Benzylaminopurine treated Embryoid bodies (BAP-EB) trophoblastic spheroids were created from human embryonic stem cells. These spheroids mimicked human trophectoderm at the transcriptome level. Furthermore, the tissue produced a considerably greater implantation rate in implantation cell culture models derived from receptive endometrium. These research used rigorous and robust experimental designs and reporting. The researchers cultured BAP-EB from human embryonic stem cell lines Val 3 and H9/WA09 for 96 hours, then collected endometrial aspirates from receptive human chorionic gonadotropin-producing women.

They also compared expression in 1,529 cells (single-cell RNA sequencing) obtained from human preimplantation embryos (n = 88). (GEO Accession number GSE36552 and Array Express Accession number E-MTAB-3929), which correspond to undifferentiated or less-differentiated cells, using principal component analysis, gene expression correlation, and underlying functions ranked by gene set enrichment analysis and normalized enrichment score. Spheroids were transcriptomic ally different from developed epiblastic cells, whereas trophoectoderm was identical to them. At the level of gene expression, differentiated BAP-EB did indeed group with trophectoderm.
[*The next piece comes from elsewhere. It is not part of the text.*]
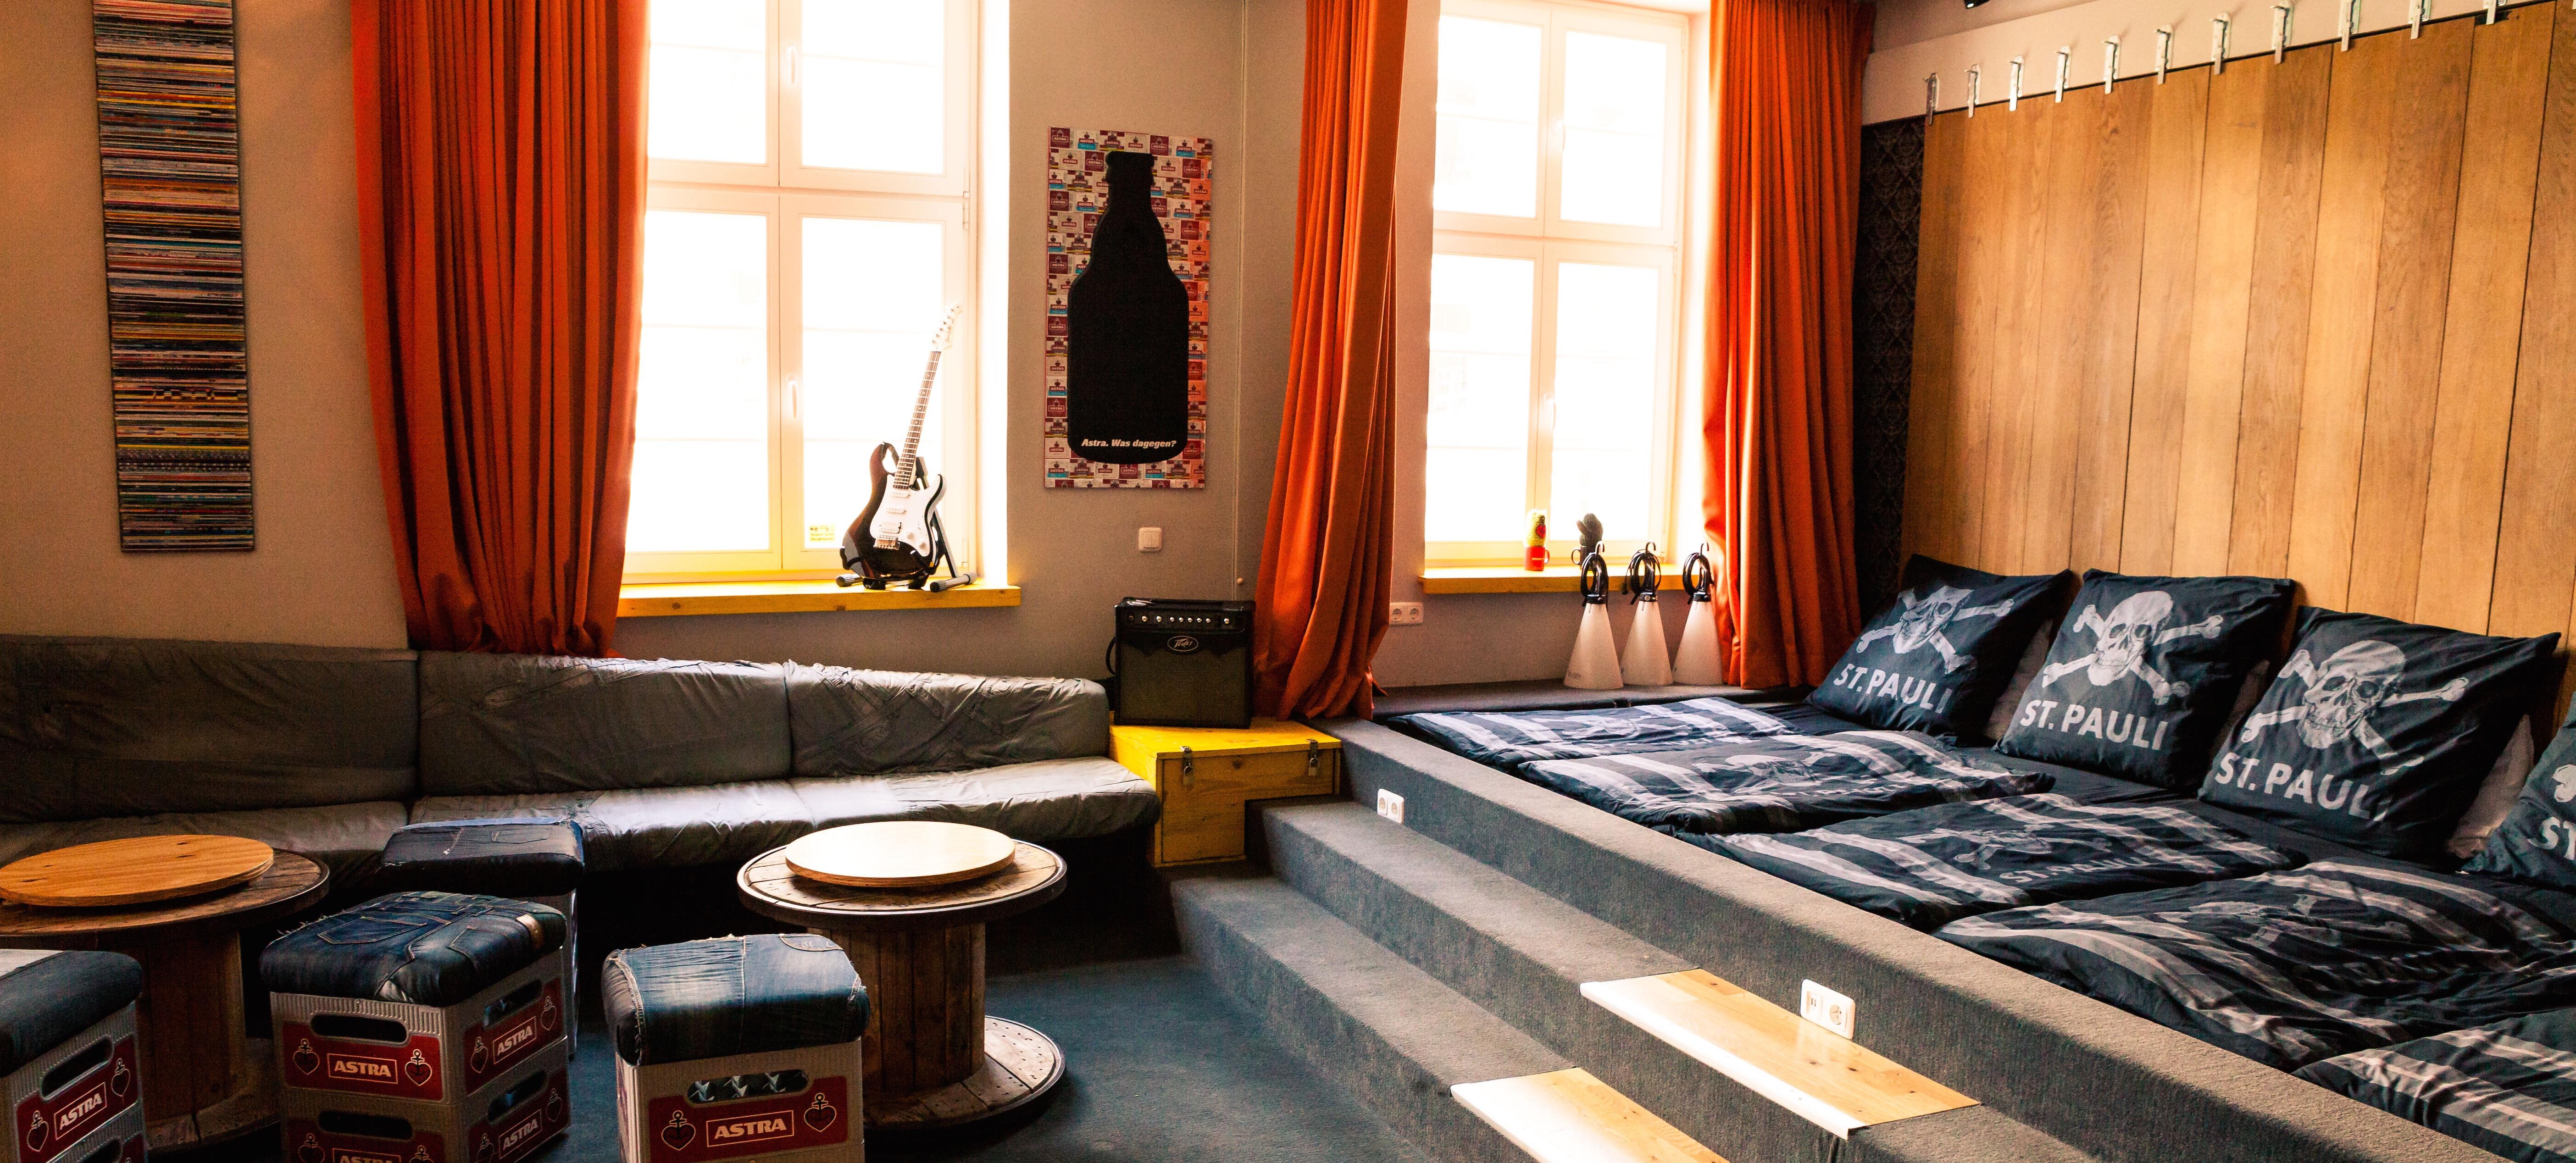 Location-Hamburg-Superbude-01 - Heyminga Touren München

The authors also noted that BAP-EB differentiation is mostly mediated by hippo signalling, which is supported by the drastically decreased attachment observed when YAP1 inhibitor was used. To further support the function of E-cadherin in embryo implantation, this investigation additionally examined the molecule(s) responsible for BAP-EB attachment using an antibody blocking experiment. The procedure and setup for BAP-EB spheroid differentiation with a typical trophectodermlike signature are the study's key contribution. This study moves us one step closer to developing an ex vivo model to research embryo implantation. Studies are increasingly proving the viability of such novel designs in vitro before translating them into practical use.
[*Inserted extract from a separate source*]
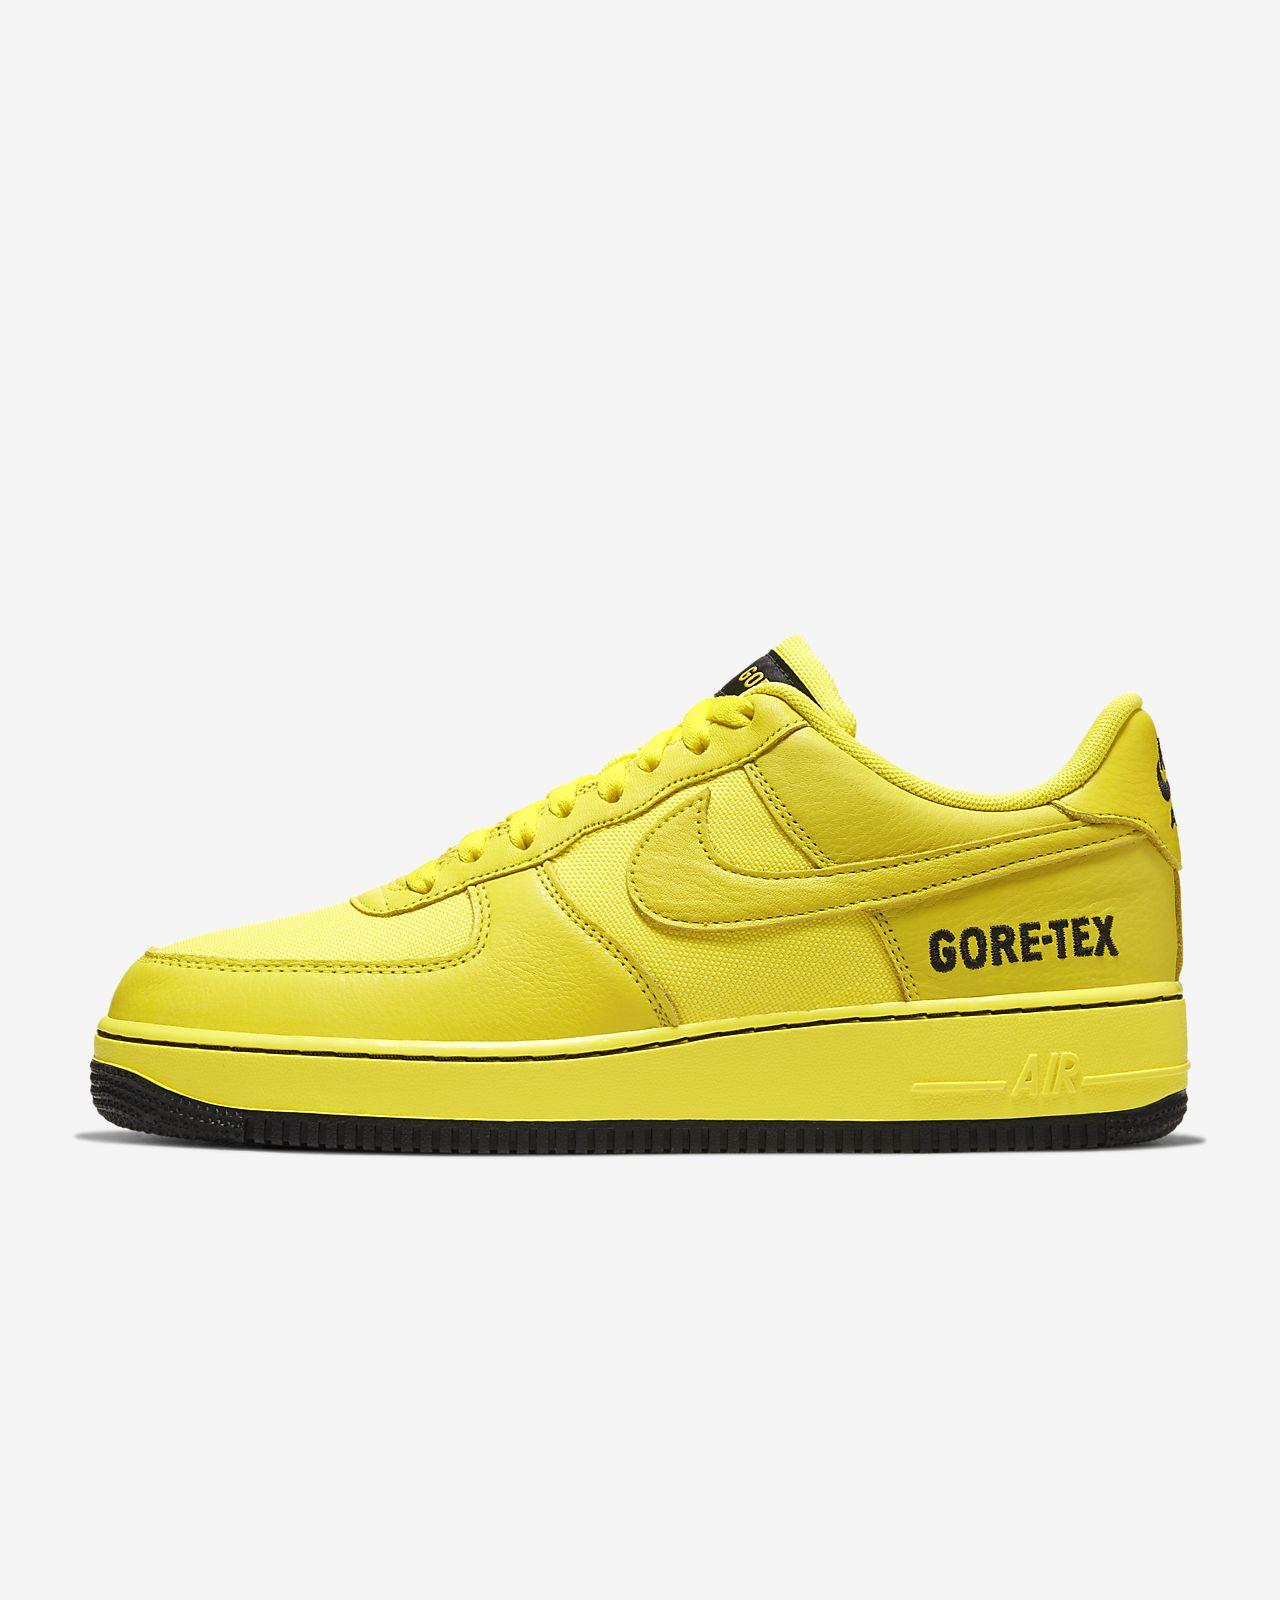 Nike X GORE TEX Air Force 1 Low

Organoid technology, a cutting-edge tool for in vitro minitissue growth, is one advanced of these models. Organoids has the capacity for long-term growth while maintaining molecular and functional stability. In fact, the recently developed endometrial organoids phenocopy physiological reactions to reproductive hormones and imitate the menstrual cycle in a culture plate. The organoids are derived from damaged endometrium and faithfully reproduce the abnormal tissue features of patients.

Insight into individualized medical care may also be provided by them. By using reproductive tract microfluidic culture methods, where a fluidic plate with microchannel pumps and links fluids between various tissues, it is possible to create an even more accurate micro physiological environment. By interacting with tissues and organs like the liver, ovaries, fallopian tubes, and cervix, these systems can mimic the function of the human endometrium. Based on individualized models for each patient's endometrial tissue, microfluidic technologies may offer a future tool for pharmacologic testing in female patients.